Call Standard? Arguments Type Description
accounts.get_entire_trading_rule_list Standard D All trading rules across instruments
accounts.get_instrument_scaling_factor Standard instrument_code D IDM * instrument weight
accounts.get_forecast_scaling_factor Standard instrument_code, rule_variation_name D FDM * forecast weight
accounts.get_instrument_forecast_scaling_factor Standard instrument_code, rule_variation_name D IDM * instrument weight * FDM * forecast weight
accounts.get_capital_in_rule Standard rule_variation_name D Sum of get_instrument_forecast_scaling_factor for a given trading rule
accounts.get_buffered_position Standard instrument_code D Buffered position at portfolio level
accounts.get_buffered_position_with_multiplier Standard instrument_code D Buffered position at portfolio level, including capital multiplier
accounts.subsystem_turnover Standard instrument_code D Annualised turnover of subsystem
accounts.instrument_turnover Standard instrument_code D Annualised turnover of instrument position at portfolio level
accounts.forecast_turnover Standard instrument_code, rule_variation_name D Annualised turnover of forecast
accounts.get_SR_cost_for_instrument_forecast Standard instrument_code, rule_variation_name D SR cost * turnover for forecast
accounts.capital_multiplier Standard D, O Capital multiplier, ratio of actual to fixed notional capital
accounts.get_actual_capital Standard D Actual capital (fixed notional capital times multiplier)

Accounting outputs:

Call Standard? Arguments Type Description
accounts.pandl_for_instrument Standard instrument_code D P&l for an instrument within a system
accounts.pandl_for_instrument_with_multiplier Standard instrument_code D P&l for an instrument within a system, using multiplied capital
accounts.pandl_for_instrument_forecast Standard instrument_code, rule_variation_name D P&l for a trading rule and instrument
accounts.pandl_for_instrument_forecast_weighted Standard instrument_code, rule_variation_name D P&l for a trading rule and instrument as a % of total capital
accounts.pandl_for_instrument_rules Standard instrument_code D,O P&l for all trading rules in an instrument, weighted
accounts.pandl_for_instrument_rules_unweighted Standard instrument_code D,O P&l for all trading rules in an instrument, unweighted
accounts.pandl_for_trading_rule Standard rule_variation_name D P&l for a trading rule over all instruments
accounts.pandl_for_trading_rule_weighted Standard rule_variation_name D P&l for a trading rule over all instruments as % of total capital
accounts.pandl_for_trading_rule_unweighted Standard rule_variation_name D P&l for a trading rule over all instruments, unweighted
accounts.pandl_for_subsystem Standard instrument_code D P&l for an instrument outright
accounts.pandl_across_subsystems Standard instrument_code O,D P&l across instruments, outright
accounts.pandl_for_all_trading_rules Standard D P&l for trading rules across whole system
accounts.pandl_for_all_trading_rules_unweighted Standard D P&l for trading rules across whole system
accounts.portfolio Standard O,D P&l for whole system
accounts.portfolio_with_multiplier Standard D P&l for whole system using multiplied capital

Configuration options

Below is a list of all configuration options for the system.
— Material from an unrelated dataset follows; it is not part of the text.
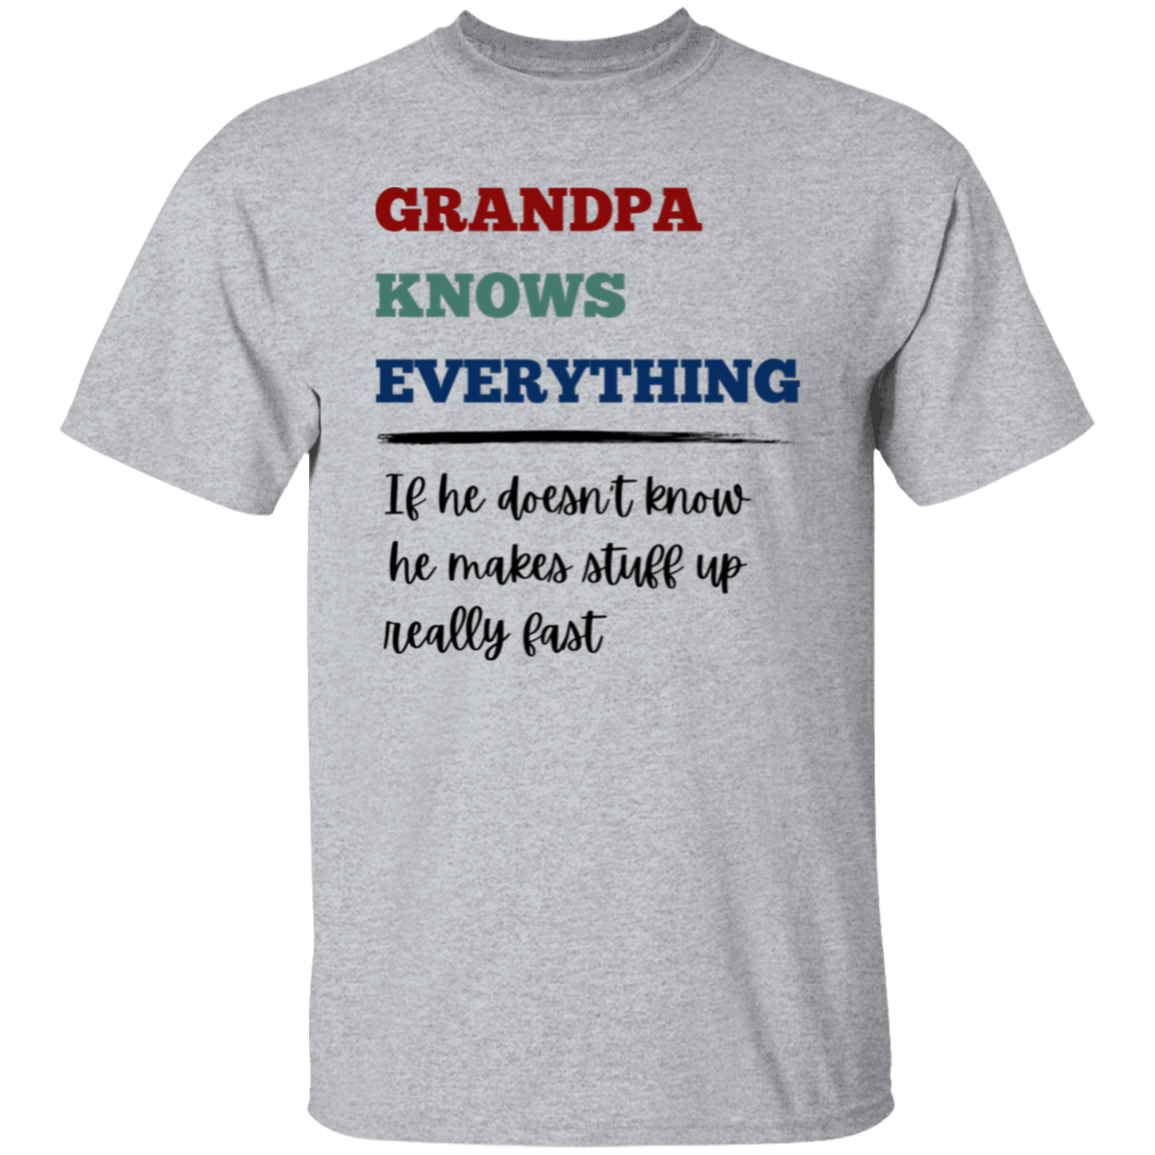 Grandpa Knows Everything 5.3 oz. T-Shirt

The 'Yaml' section shows how they appear in a yaml file. The 'python' section shows an example of how you'd modify a config object in memory having first created it, like this:

## Method one: from an existing system
from systems.provided.futures_chapter15.basesystem import futures_system
system=futures_system()
new_config=system.config

## Method two: from a config file
from syscore.fileutils import get_pathname_for_package
from sysdata.configdata import Config

my_config=Config(get_pathname_for_package("private", "this_system_name", "config.yaml"))

## Method three: with a blank config
from sysdata.configdata import Config
my_config=Config()

Each section also shows the project default options, which you could change here.

When modifying a nested part of a config object, you can of course replace it wholesale:

new_config.instrument_weights=dict(SP500=0.5, US10=0.5))
new_config

Or just in part:

new_config.instrument_weights['SP500']=0.2
new_config

If you do this make sure the rest of the config is consistent with what you've done. In either case, it's a good idea to examine the modified config once it's part of the system (since that will include any defaults) and make sure you're happy with it.

Raw data stage

Volatility calculation

Represented as: dict of str, int, or float. Keywords: Parameter names Defaults: As below

The function used to calculate volatility, and any keyword arguments passed to it. Note if any keyword is missing then the project defaults will be used. See 'volatility calculation' for more information.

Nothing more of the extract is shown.